A graça reina pela justiça. A misericórdia de Deus não se digladia com a sua justiça. Deus é perfeito em tudo.[8] Deus é o Deus da paz, havendo nele sempre a harmonia de todas as suas perfeições revestida pela sua santidade.

Na misericórdia vemos estampada a sua justiça. Deus não se esquece de sua justiça como se fosse uma “perfeição imperfeita” do seu caráter, antes, Ele a cumpre, pagando o preço de nossos pecados em amor e misericórdia, nos imputando a justiça obtida por Cristo.

Calvino coloca esta verdade em termos belos: “Deus se paga a Si mesmo por Sua misericórdia manifestada em Seu Filho, nosso Salvador Jesus Cristo, que uma vez por todas se ofereceu ao Pai para ser Ele próprio a satisfação que Lhe deveríamos prestar”.[9]

    A justiça de Deus está relacionada de forma essencial com Sua aliança estabelecida com o Seu povo, por meio da qual Ele promete salvar a todos aqueles que recebem pela fé a Jesus Cristo, tornando-se participante dos Seus merecimentos obtidos para o Seu povo.
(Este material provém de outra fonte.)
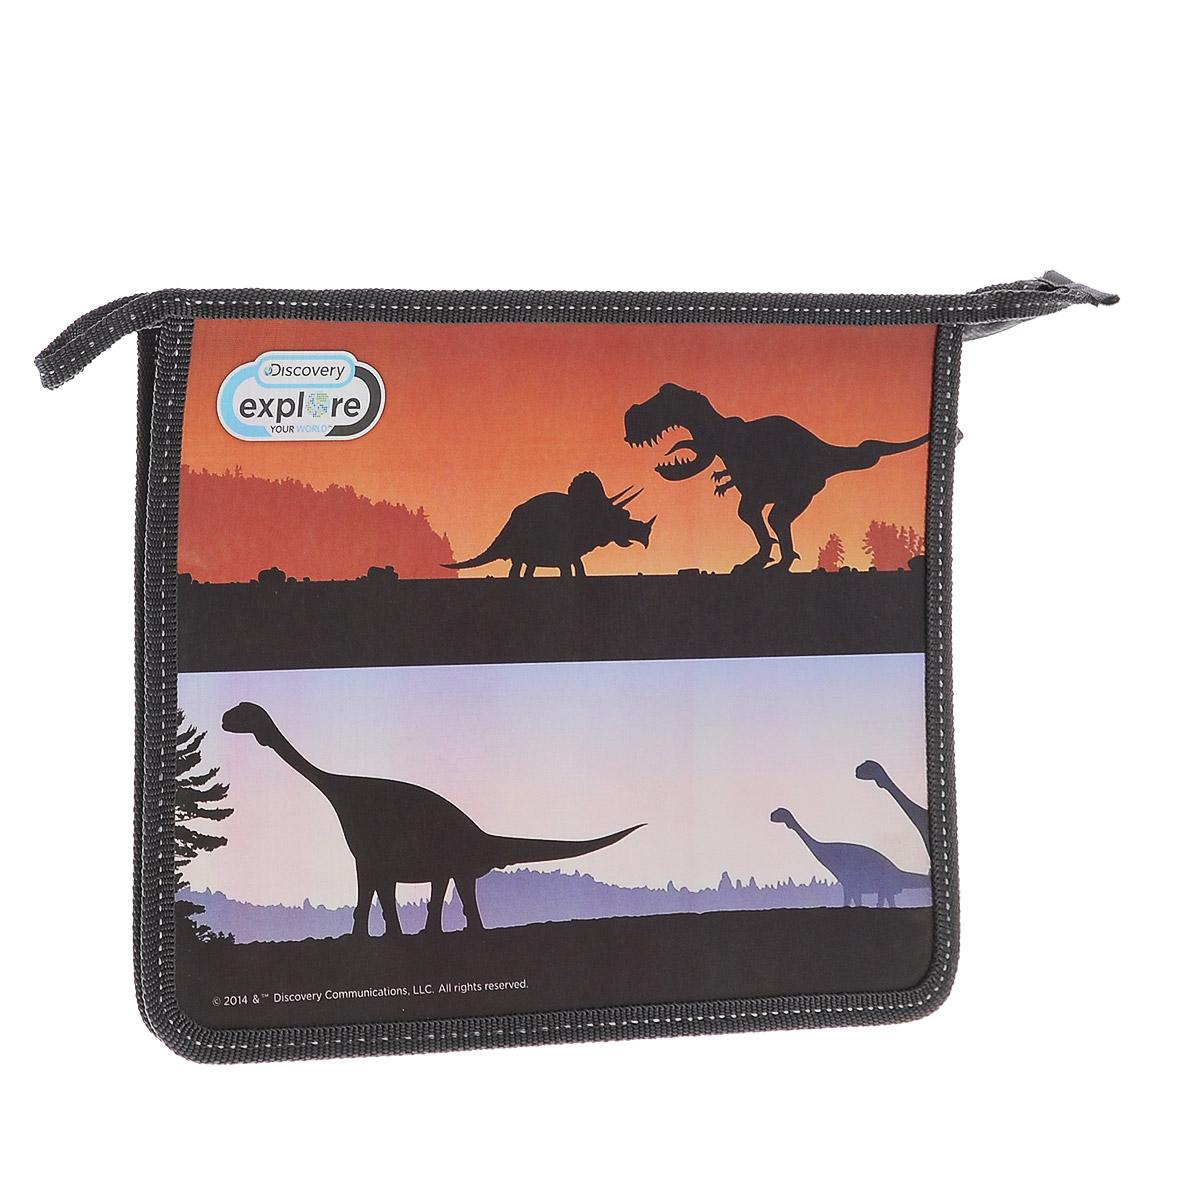 Action! Папка для тетрадей Discovery Динозавры цвет черныйFS-36052Папка Action! Discovery предназначена для хранения тетрадей, рисунков и прочих бумаг с максимальным форматом А5. Папка выполнена из прочного материала и содержит одно отделение. Закрывается она на застежку-молнию. Лицевая сторона папки оформлена изображениями силуэтов динозавров.С папкой Action! Discovery тетради вашего ребенка всегда будут выглядеть опрятно.

Deste modo, em Cristo nós temos o “Justo” e o justificador: A graça e a justiça (Rm 3.26). “Uma graça reinante à parte da justiça não é apenas inverossímil, mas também inconcebível”, conclui Murray (1898-1975).[10]

    Hodge (1823-1886), considerando a situação dos “réprobos”, faz uma distinção ente o aspecto “negativo” e “positivo” da reprovação:

Em seu aspecto negativo a reprovação é simplesmente a não eleição, e é absolutamente soberana, fundada unicamente no beneplácito de Deus, que deseja eleger uns porque assim o quer e não porque sejam menos dignos. Positivamente, a reprovação não é soberana senão judicial, porque Deus há determinado tratar aos réprobos precisamente conforme os seus méritos e à vista de sua absoluta justiça.[11]

    A nossa salvação repousa na perfeição dos atributos de Deus, revelados para nós, de forma mais específica, em justiça e amor. Louvemos a Deus por isso.

Maringá,14 de março de 2021.

Rev. Hermisten Maia Pereira da Costa


[1] João Calvino, O Livro dos Salmos, v. 2, (Sl 36.5), p. 128.

[2]S. Agostinho, A Graça (I), 2. ed. São Paulo: Paulus, 1999,p. 115.

[3] “A misericórdia não é um direito ao qual o homem faz jus. A misericórdia é aquele atributo adorável de Deus, pelo qual tem dó dos miseráveis e os alivia” (A.W. Pink, Deus é Soberano,Atibaia, SP.: FIEL, 1977, p. 23). “É em razão de ser misericordioso que Deus primeiro nos recebe em sua graça, e então prossegue nos amando” (João Calvino, As Pastorais,(1Tm 1.2), p. 27).

[4] Veja-se: S. Agostinho, A Graça (I), 2. ed. São Paulo: Paulus, 1999,p. 115-116.

[5] João Calvino, O Livro dos Salmos, v. 3, (Sl 106.8), p. 674.

[6] L. Berkhof, Teologia Sistemática, p. 116.

[7]Veja-se: Cânones de Dort,I.1.

[8] “A justiça de Deus nunca está separada de sua retidão. (…) Sua justiça é perfeita” (R.C. Sproul, A Santidade de Deus, São Paulo: Cultura Cristã, 1997, p. 121).

[9]João Calvino, As Institutas da Religião Cristã: edição especial com notas para estudo e pesquisa, v. 3, (III.9), p. 129. “Imaginamos que Deus nos é favorável porque nos tem considerado dignos de seu respeito. A Escritura, porém, por toda parte enaltece sua misericórdia, que pura e simplesmente abole todo e qualquer mérito” (João Calvino, O Evangelho segundo João, São José dos Campos, SP.: Editora Fiel, 2015, v. 1, (Jo 3.16),  p. 131).

[10]John Murray, Redenção: Consumada e Aplicada,p. 19.

[11] A.A. Hodge, Esboços de Theologia, p. 67.